Detailed Description
The invention is further illustrated by the following description of specific embodiments in conjunction with the accompanying drawings:
according to the lightweight traffic sign detection method based on response knowledge distillation, as shown in fig. 1, the method uses the Yolov5s as a reference, uses a lightweight convolutional neural network MobileNeXt to replace and reconstruct a backbone network of the model, then adopts the pre-trained Yolov5s as a teacher model, performs supervision training on the lightweight Yolov5s-MobileNeXt serving as a student model through scale-scaling-based response knowledge distillation, and simultaneously uses slice-assisted reasoning as a local offline data enhancement means to improve generalization capability and detection performance of the model, so that the lightweight detection model can learn the teacher model knowledge and has higher reasoning speed, and is deployed on unmanned vehicle-mounted equipment for practical use. The teacher model is built by pre-training on a COCO data set and performing migration learning on a traffic sign detection data set. On the other hand, the student model adopts an improved lightweight Yolov5s-MobileNeXt model. The aim of supervised training of the teacher-student model structure is to enable the student model to learn the prediction output of the teacher model as much as possible, and the best detection model is saved when the performance of the student model is converged and converted into a model which is finally deployed on the unmanned end side chip.
The method specifically comprises the following steps:
step 1, constructing a traffic sign detection teacher model adopting pre-training: the detection result of the deep learning model is directly influenced by the scale of the data set, and the existing problems of tag deficiency and class imbalance of the traffic sign data set are considered, and the teacher model adopts a Yolov5s detection model which is pre-trained on the COCO data set and then performs transfer learning on the traffic sign data set. The teacher model training flow is shown in fig. 2.
Step 2, reconstructing a student model adopting a light convolutional neural network: taking Yolov5s as a reference, and using a lightweight convolutional neural network MobileNeXt to replace and reconstruct a backbone network of the model to obtain a student model Yolov5s-MobileNeXt;
generally speaking, the size of the parameters of the deep learning model directly influences the performance of the model, however, the deep learning model with huge parameter scale and superior reasoning performance cannot be deployed on equipment with limited computing and storage resources, and the deployed model has a relatively simple structure, low complexity and poor reasoning performance, and cannot meet the actual use requirements. The backbone network is used as a core component of the detection network model, and aims to extract the information of the target to be detected to obtain downsampling feature maps with different multiplying powers so as to meet the detection requirements of different scales and types of targets. The Darknet53 backbone network specially designed for the Yolov5 model from the network structure design angle is characterized in that the residual structure is formed by a large number of convolution kernels, and a large number of redundant characteristic information can be generated in traffic sign detection, so that the operation speed of the Yolov5 model on unmanned vehicle-mounted equipment with relatively limited computing resources is very slow;
the reconstruction of the Yolov5s model is realized by adopting a lightweight convolutional neural network MobileNeXt to replace a Darknet53 backbone network, and the model structure is shown in figure 3. The depth separable convolution replaces the original convolution layer to extract the characteristics, so that the network calculated amount and the parameter number are greatly reduced, and the model is more suitable for traffic sign detection requirements of unmanned vehicle-mounted equipment.

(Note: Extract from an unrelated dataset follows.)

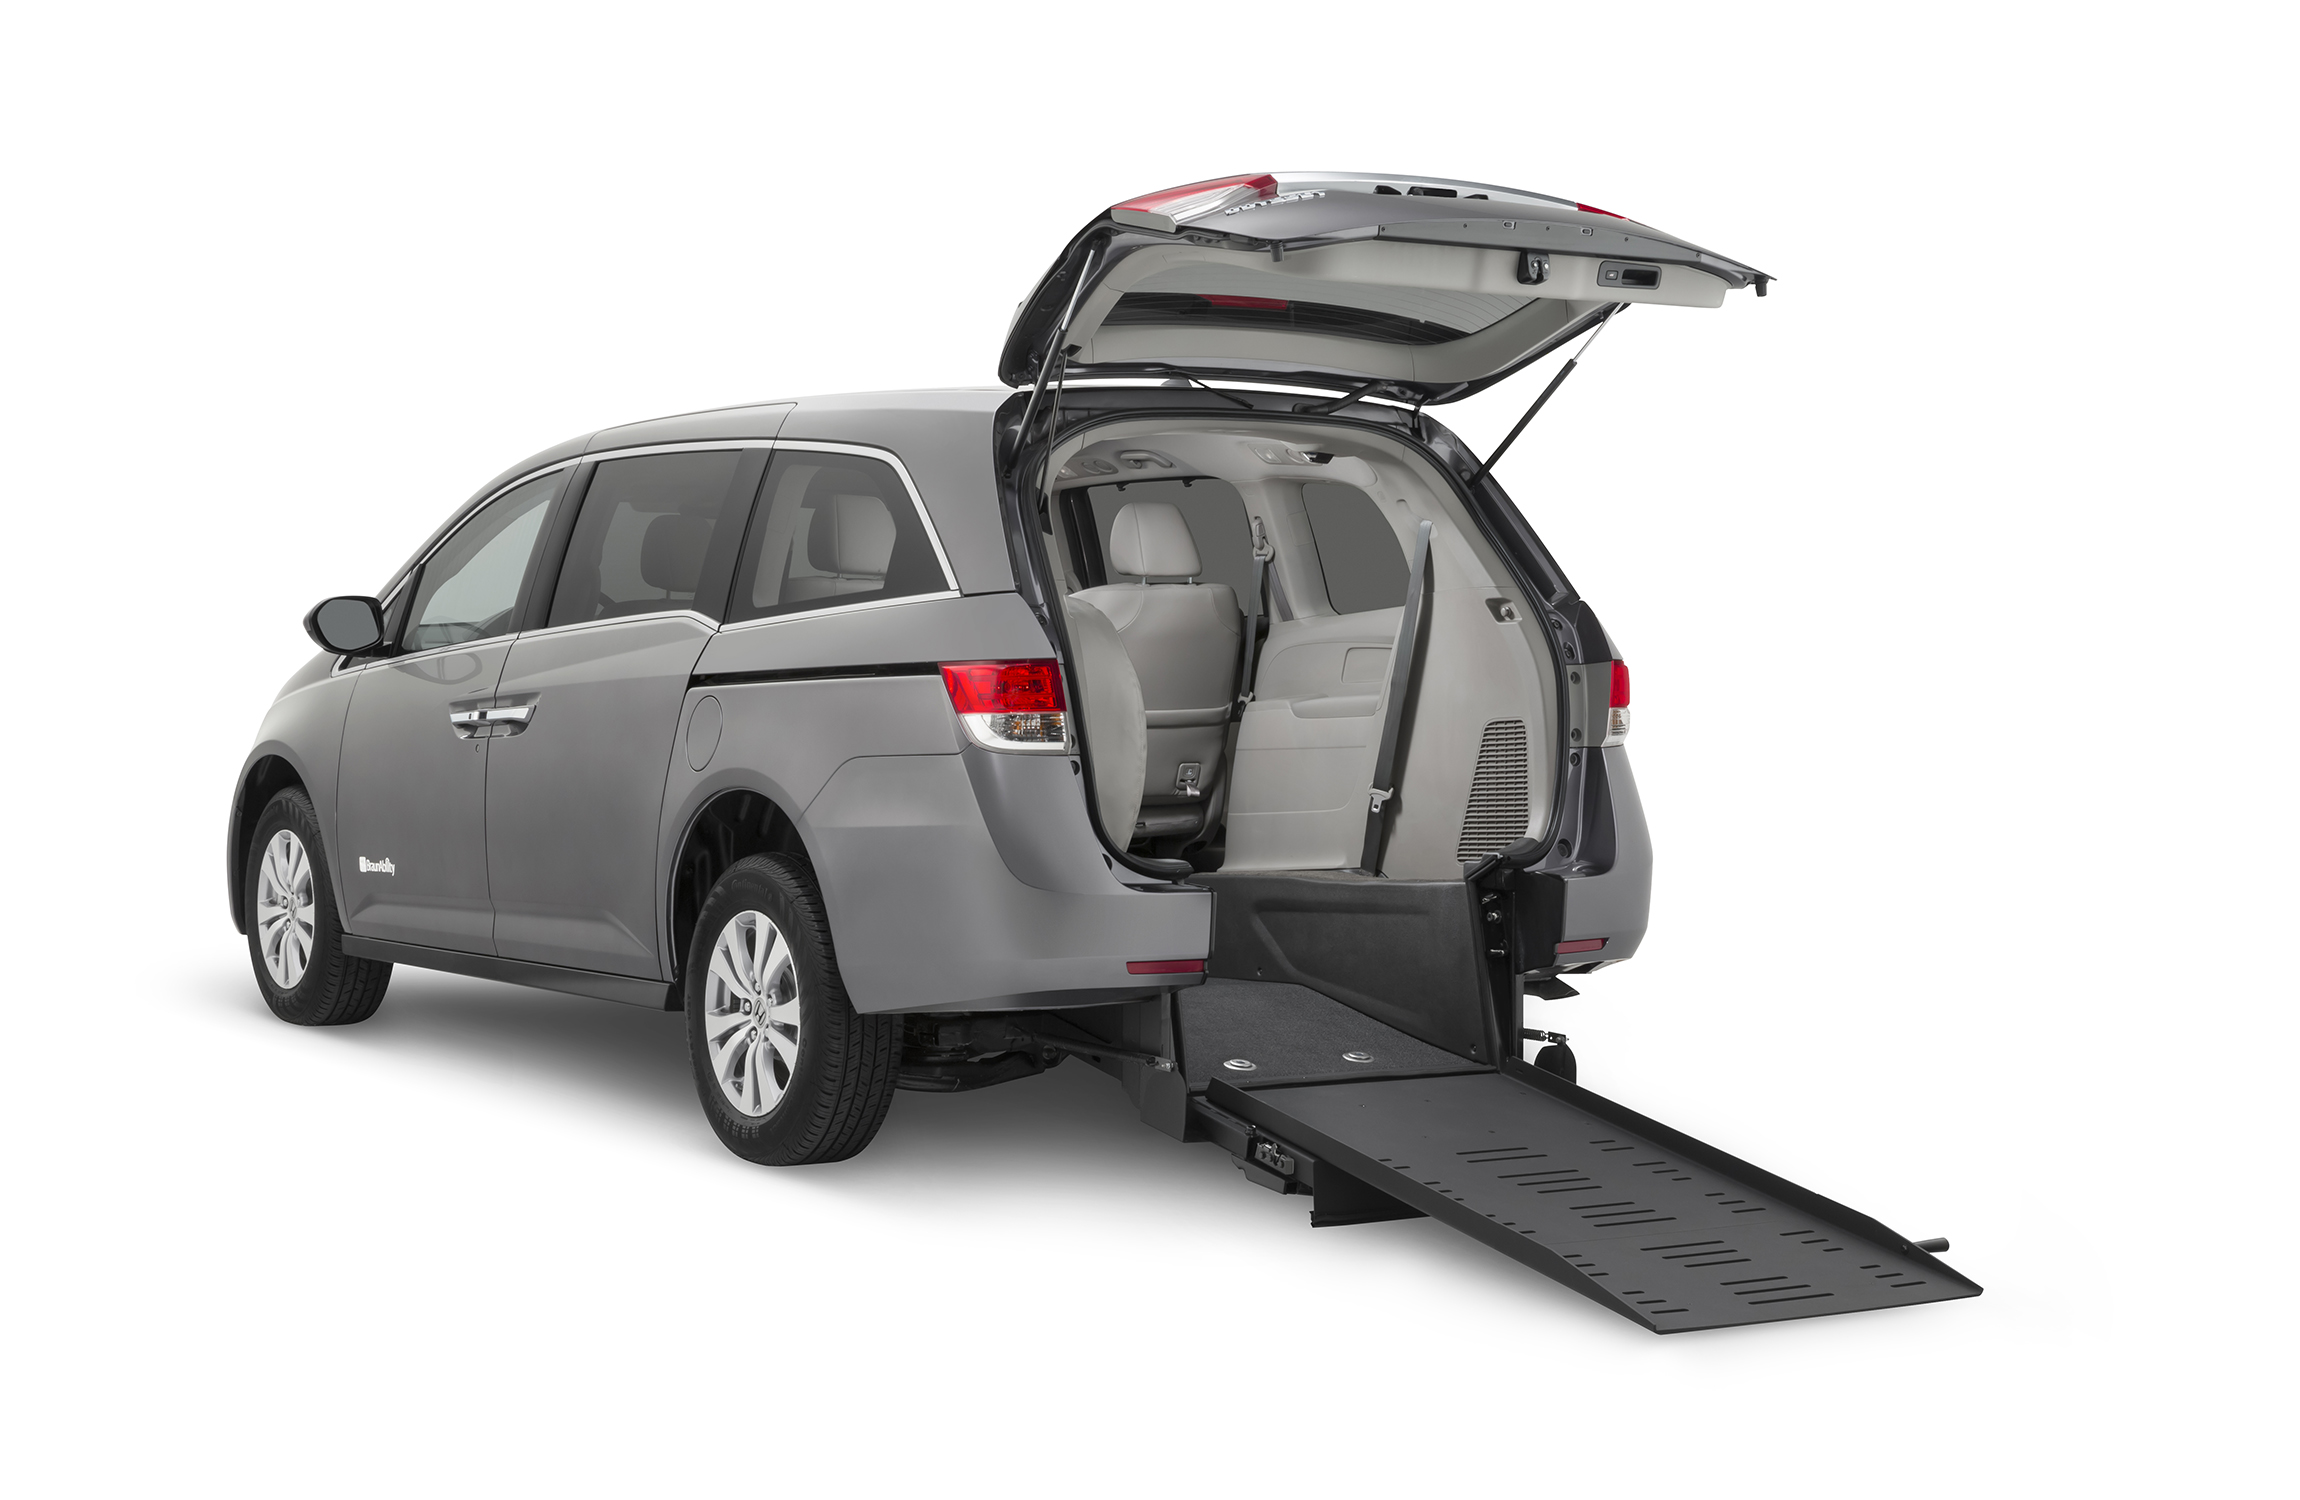 Costco Auto Program >> Costco Auto Program Announces New Mobility Vehicle Offerings for Costco Members

Step 3, constructing an objective scaling knowledge distillation loss function: comprehensively considering the classification loss of the teacher model, the regression of the bounding box and the confidence prediction output as the influence of the distillation soft label on the student model, and obtaining a weighted traffic sign detection distillation loss function by using an object scaling strategy with temperature softening.

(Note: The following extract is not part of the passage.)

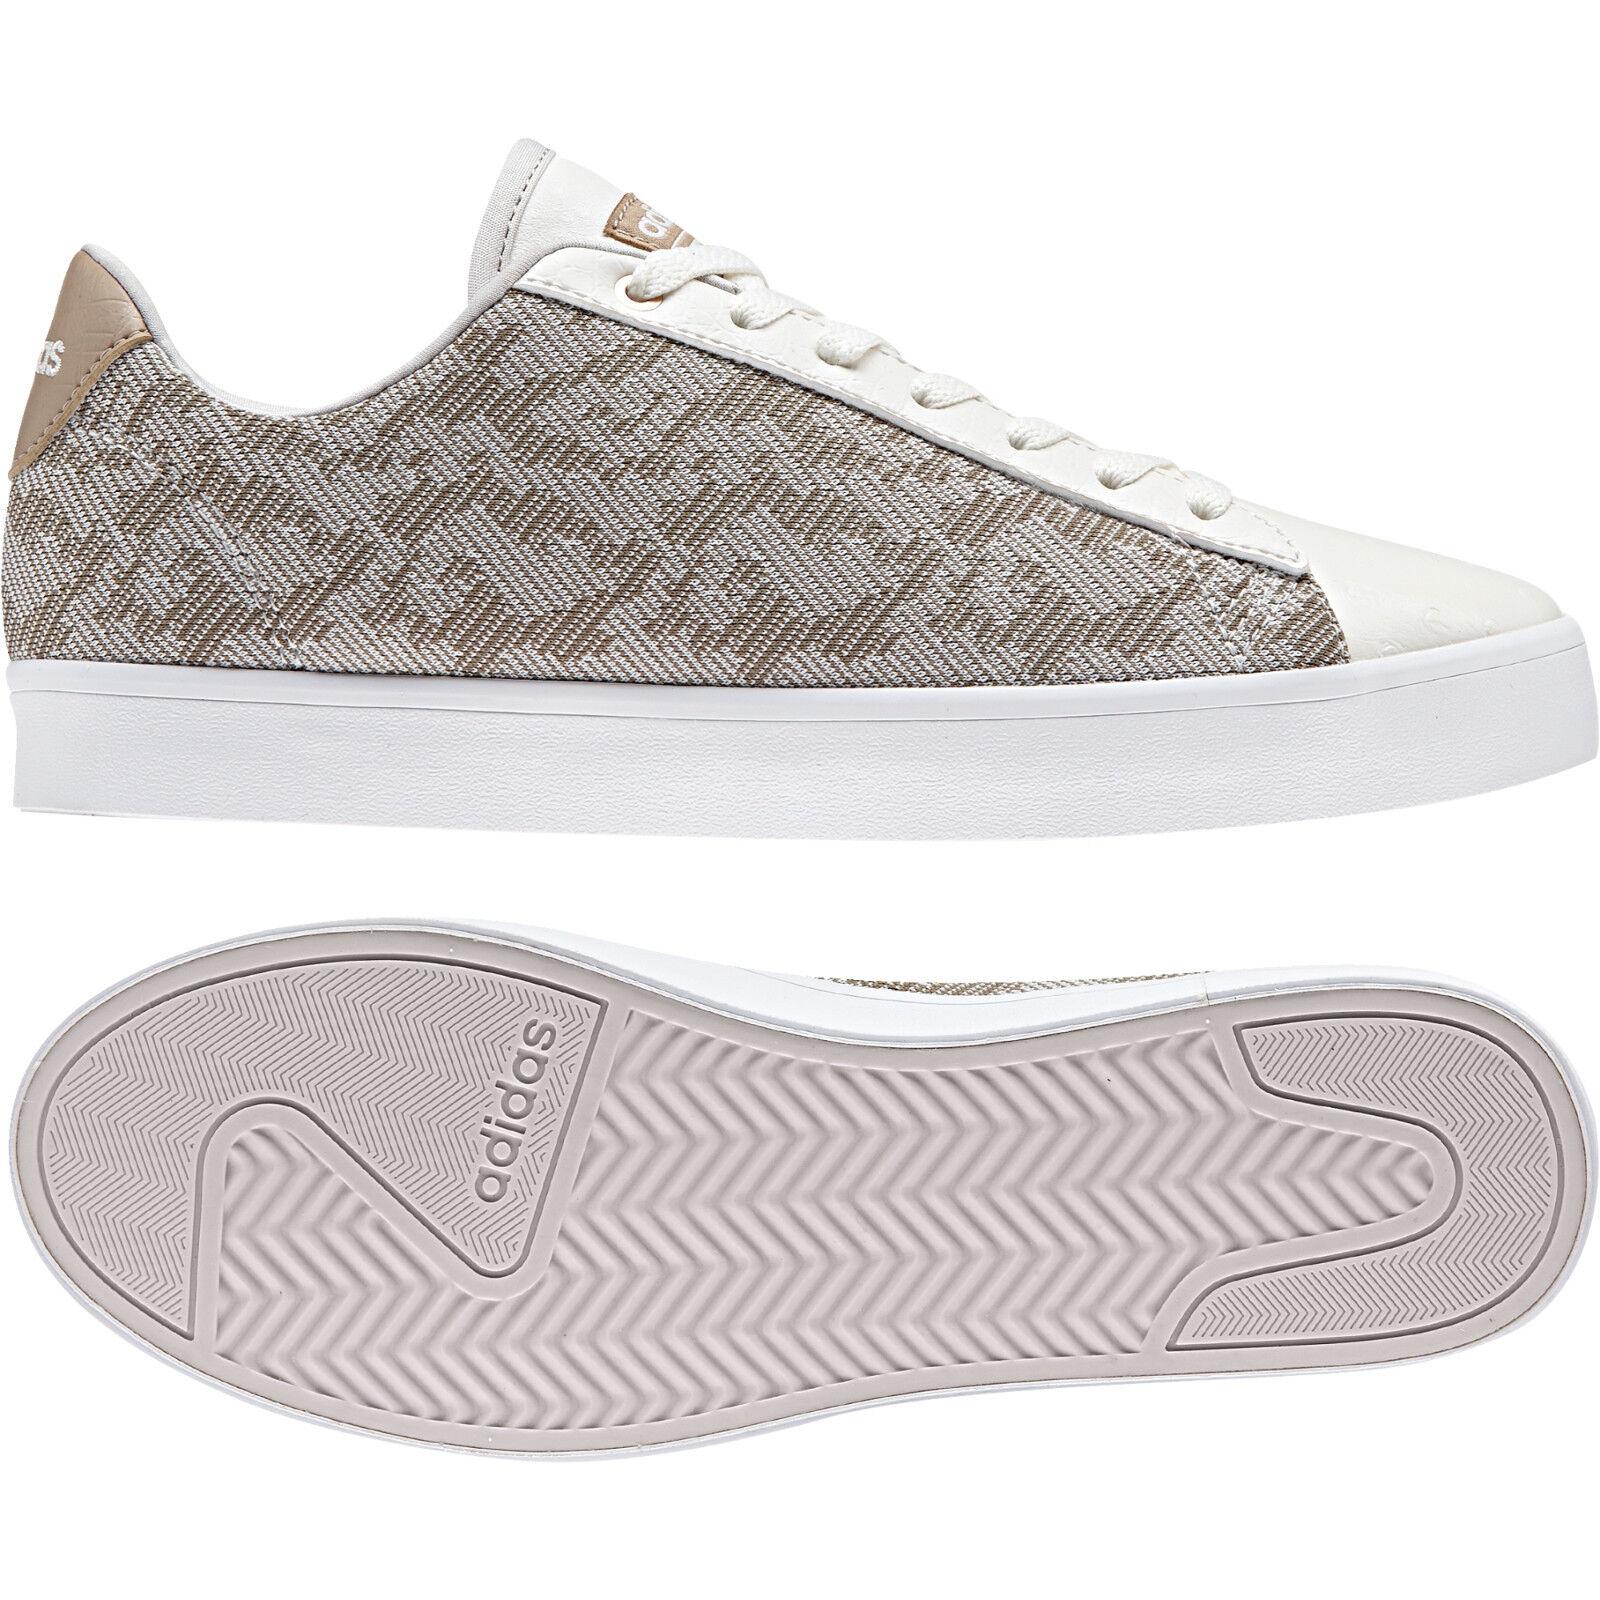 Adidas Neo Women shoes Cloudfoam Daily QT Casual Modern Sneakers CG5755 New 2018

Step 4, training a student model by adopting responsive knowledge distillation: the student model receives the prediction knowledge of the teacher model under the guidance of the distillation loss function to update the model weight of the student model, and compares the model results of each training round while the loss function continuously descends, so that the traffic sign detection model with optimal performance is finally obtained.

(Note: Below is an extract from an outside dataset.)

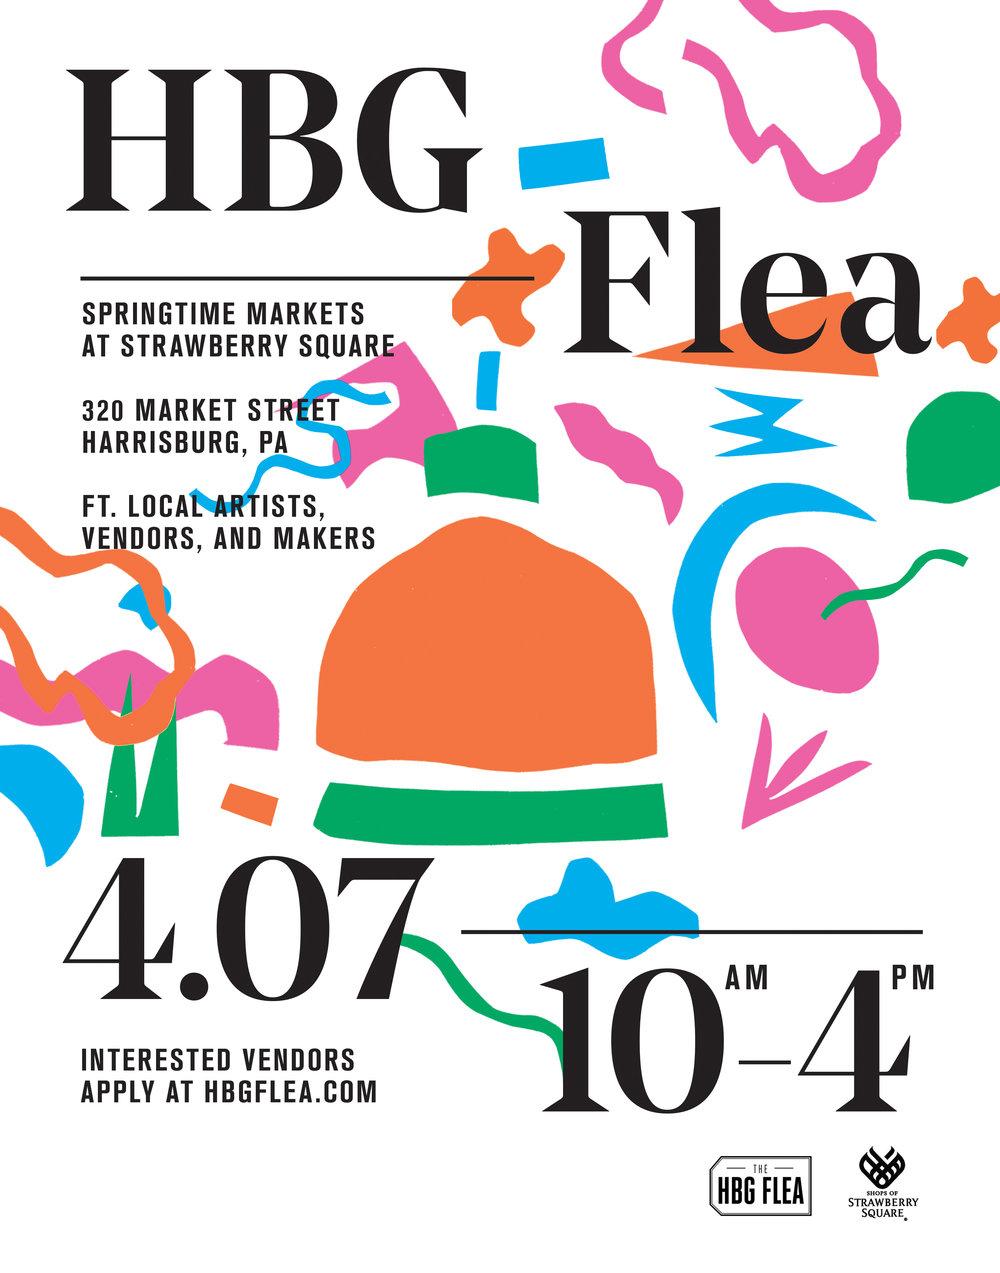 HBG-Flea_Spring-2018_11x14.jpg

In particular, knowledge distillation is a common method of model compression and enhancement, unlike pruning and quantization in model compression, the main idea of knowledge distillation is to train a small network model to simulate a pre-trained large network, which allows for knowledge transfer from teacher model to student model at the cost of performance loss within an acceptable range, thus allowing student models of simple structure and low complexity to achieve performance comparable to teacher networks. The training flow of the student model is shown in fig. 4.
In order to ensure that the light-weight detection model still has higher prediction performance, a knowledge distillation method is adopted to enable the student model to simulate the prediction output of a teacher model with excellent performance. In target detection, the response knowledge of the teacher model not only comprises classification probability, but also comprises a bounding box for positioning a detection object and confidence information, so that the target-based scaling method comprehensively considers the teacher model response output soft labels and then carries out weighted calculation with the student model loss function to obtain a final distillation loss function, and the final converged student detection model is finally obtained through less rounds of training and parameter updating under the guidance of the distillation loss function.
And 5, detecting the traffic sign of the traffic sign image to be detected based on the traffic sign detection model with the optimal performance obtained in the step 4.
Further, before the step 1, the method further includes:
and carrying out data processing and amplification on the traffic sign images to be detected in the traffic sign detection data set by using a sliding window slicing method, so that the traffic sign images to be detected enter the model with smaller resolution.
As a specific implementation manner, in order to achieve compression and compaction of a traffic sign detection model with excellent performance and deployment application on unmanned vehicle-mounted equipment, the invention provides a traffic sign detection method for constructing an improved lightweight model based on a response knowledge distillation idea, which is specifically implemented as follows:
and taking the Yolov5s as a baseline model, carrying out light-weight improvement on a backbone network and an overall framework, taking the Yolov5s detection model as a teacher model, taking the improved light-weight traffic sign detection model Yolov5s-MobileNeXt as a student model, and training and updating under the teacher-student network framework by adopting a response-based knowledge distillation method.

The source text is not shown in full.